A one-tailed test considers deviations in only one direction. If you predict that a new drug will reduce blood pressure (not just change it), a one-tailed test places all the rejection region in one tail. This makes the test more powerful for detecting the predicted direction but completely unable to detect effects in the opposite direction. One-tailed tests are controversial because they require a strong directional prediction stated before data collection, and they can miss real effects that happen to go the wrong way. Most statisticians recommend two-tailed tests unless a one-tailed alternative is clearly justified by theory or prior evidence.
Reporting P-Values Properly
Good statistical practice involves reporting p-values as part of a comprehensive results summary, not as the sole basis for conclusions. A well-reported result includes: the test used, the test statistic value, the degrees of freedom, the exact p-value (not just "p < 0.05"), the effect size with a confidence interval, and a statement about practical significance in context.
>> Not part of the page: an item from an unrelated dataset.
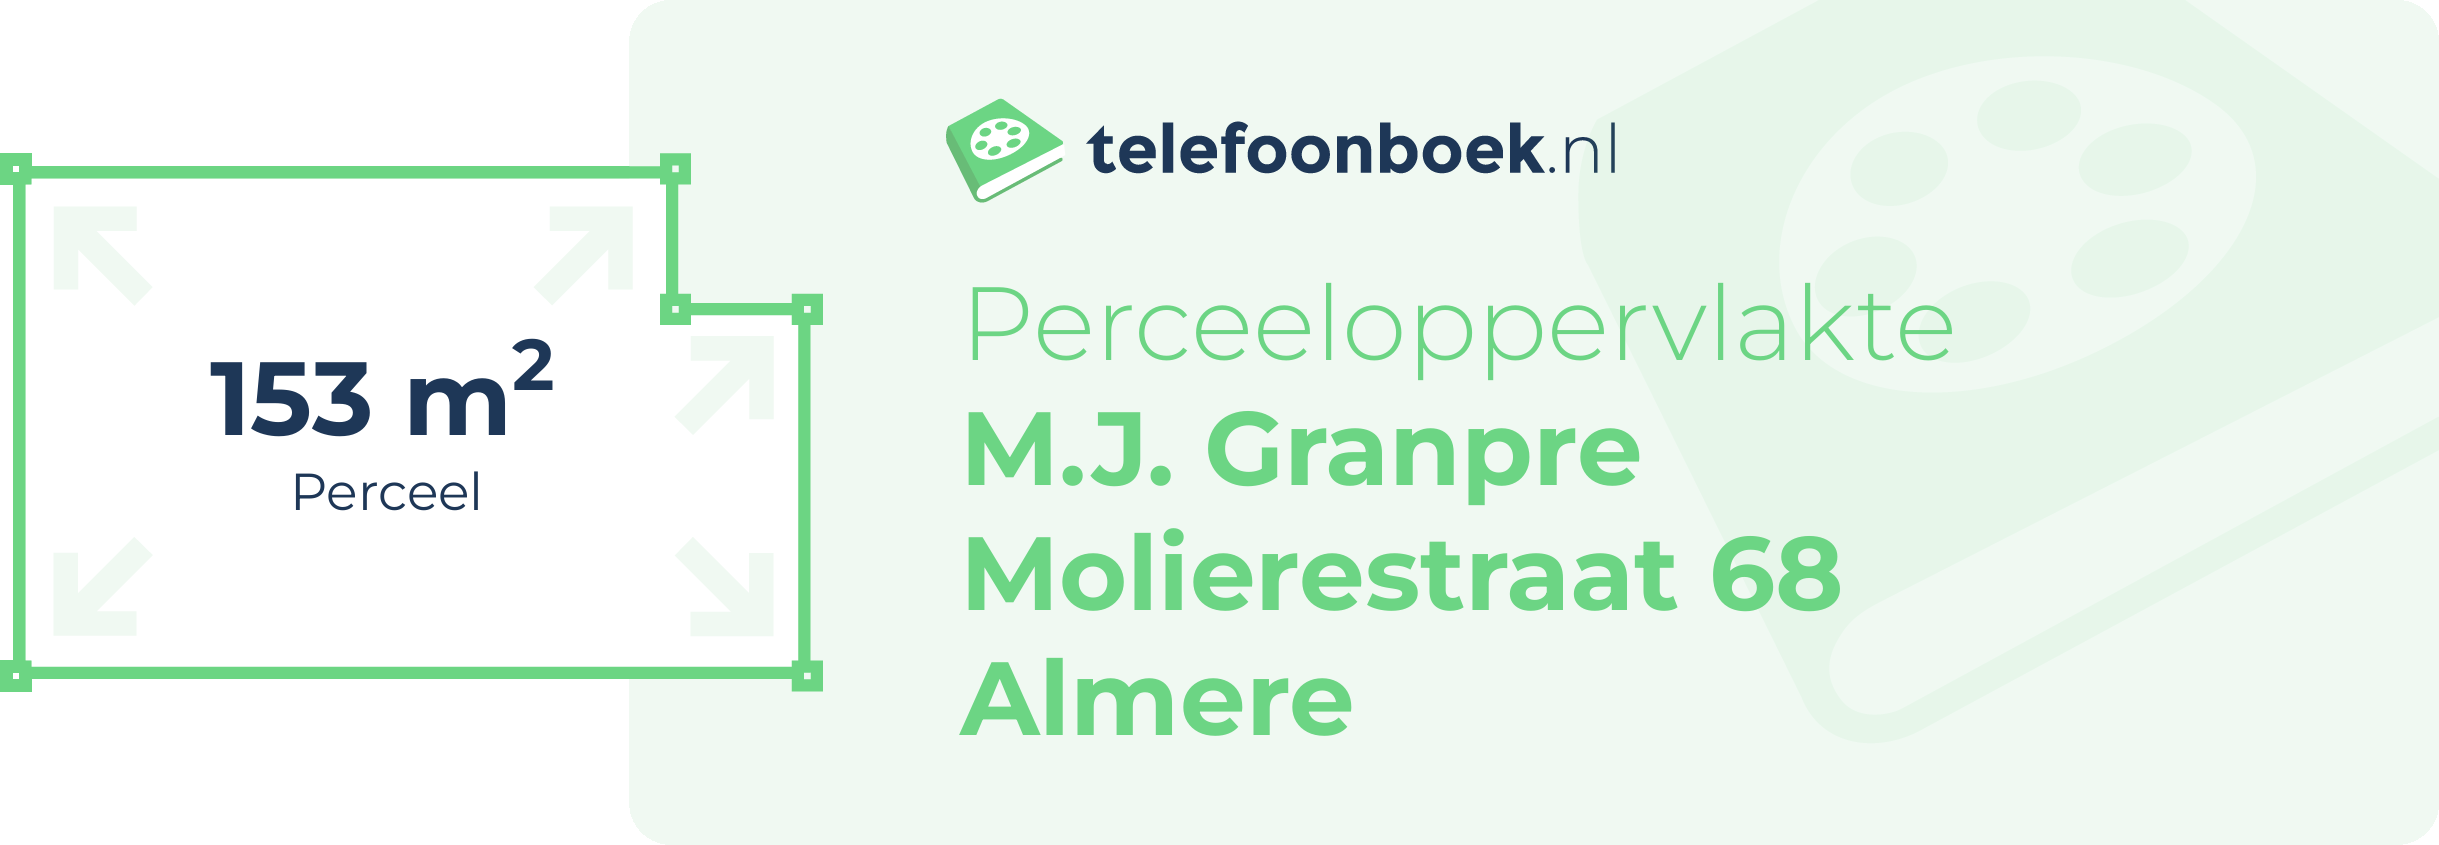 Perceeloppervlakte M.J. Granpre Molierestraat 68 Almere

For example, rather than writing "the groups differed significantly (p < 0.05)," write "the treatment group scored 8.3 points higher on average than the control group (t(48) = 2.47, p = 0.017, Cohen's d = 0.70, 95% CI [1.5, 15.1])." The second version tells the reader the direction and magnitude of the effect, the precision of the estimate, and the strength of evidence, enabling them to form their own judgment about importance.
A p-value measures how surprising your data would be if the null hypothesis were true. It is not the probability of the null being true, not the probability of a chance result, and not a measure of effect importance. Always report p-values alongside effect sizes and confidence intervals for a complete picture.